> _Listed records_
-*-*-

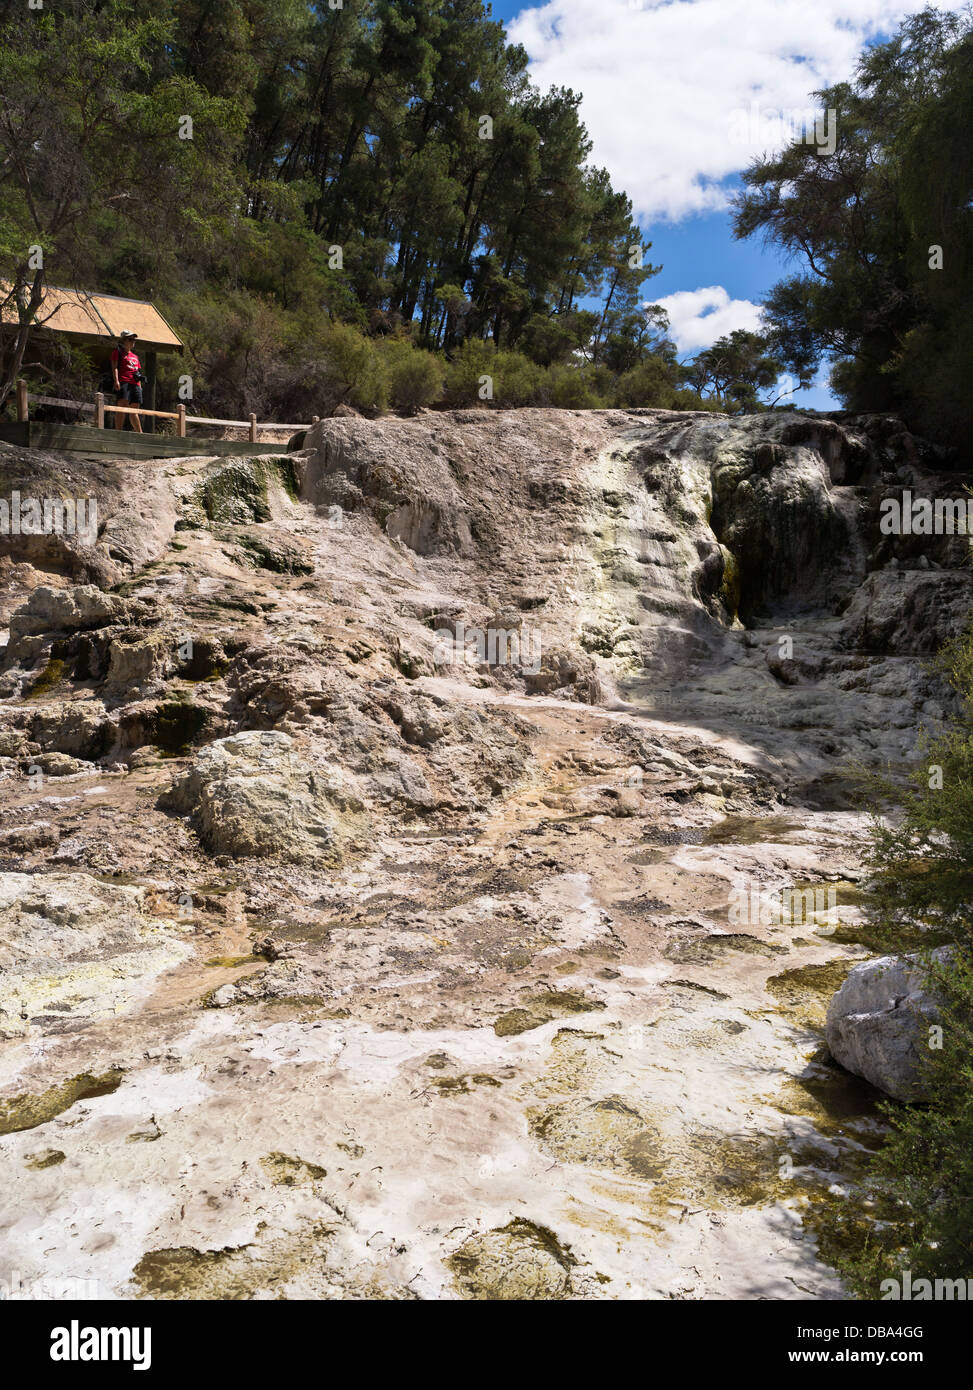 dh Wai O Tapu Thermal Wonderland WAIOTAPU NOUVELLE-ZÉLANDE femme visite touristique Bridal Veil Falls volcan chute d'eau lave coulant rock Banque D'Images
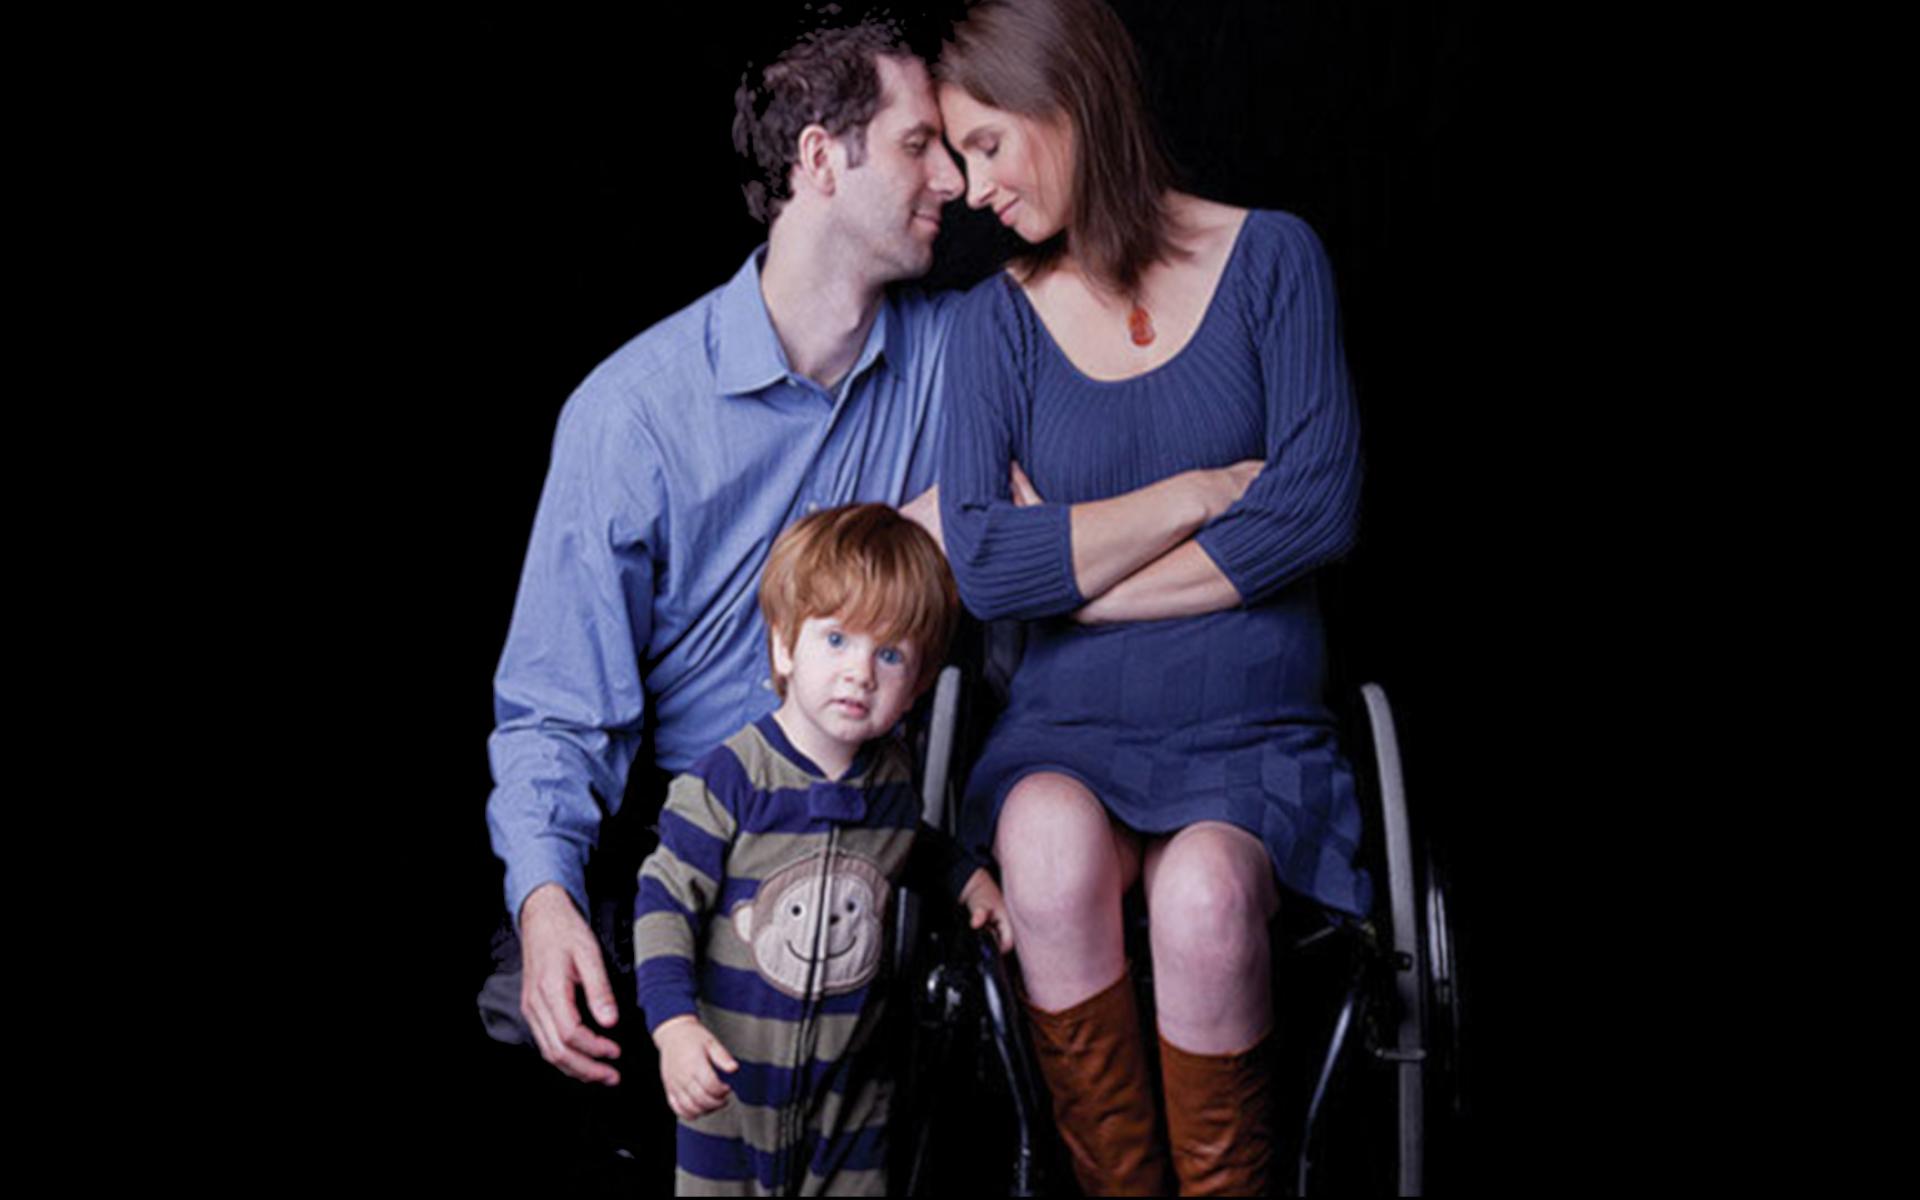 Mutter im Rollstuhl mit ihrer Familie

-*-*-

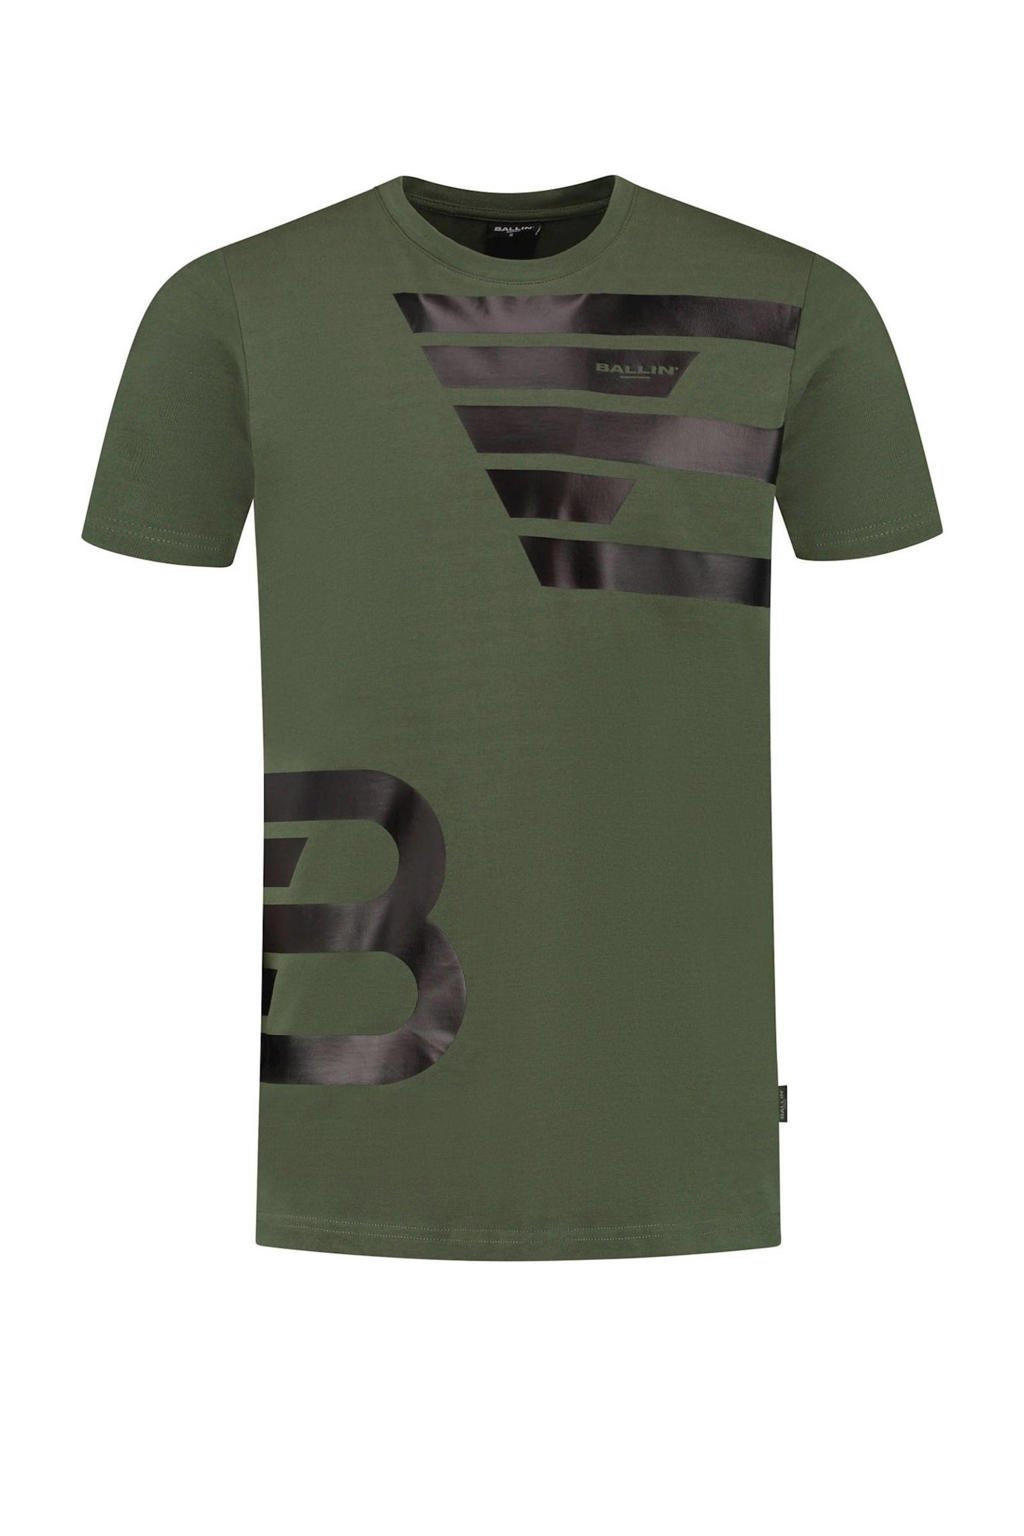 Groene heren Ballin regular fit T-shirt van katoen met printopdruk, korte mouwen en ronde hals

-*-*-

> _Work instruction_
In the entries above, find the line with "dh Wai O Tapu" and the line with "Mutter im Rollstuhl mit ihrer Familie". Return exactly those lines and all the ones between them, pictures excluded.

> _Task answer_
 dh Wai O Tapu Thermal Wonderland WAIOTAPU NOUVELLE-ZÉLANDE femme visite touristique Bridal Veil Falls volcan chute d'eau lave coulant rock Banque D'Images
 Mutter im Rollstuhl mit ihrer Familie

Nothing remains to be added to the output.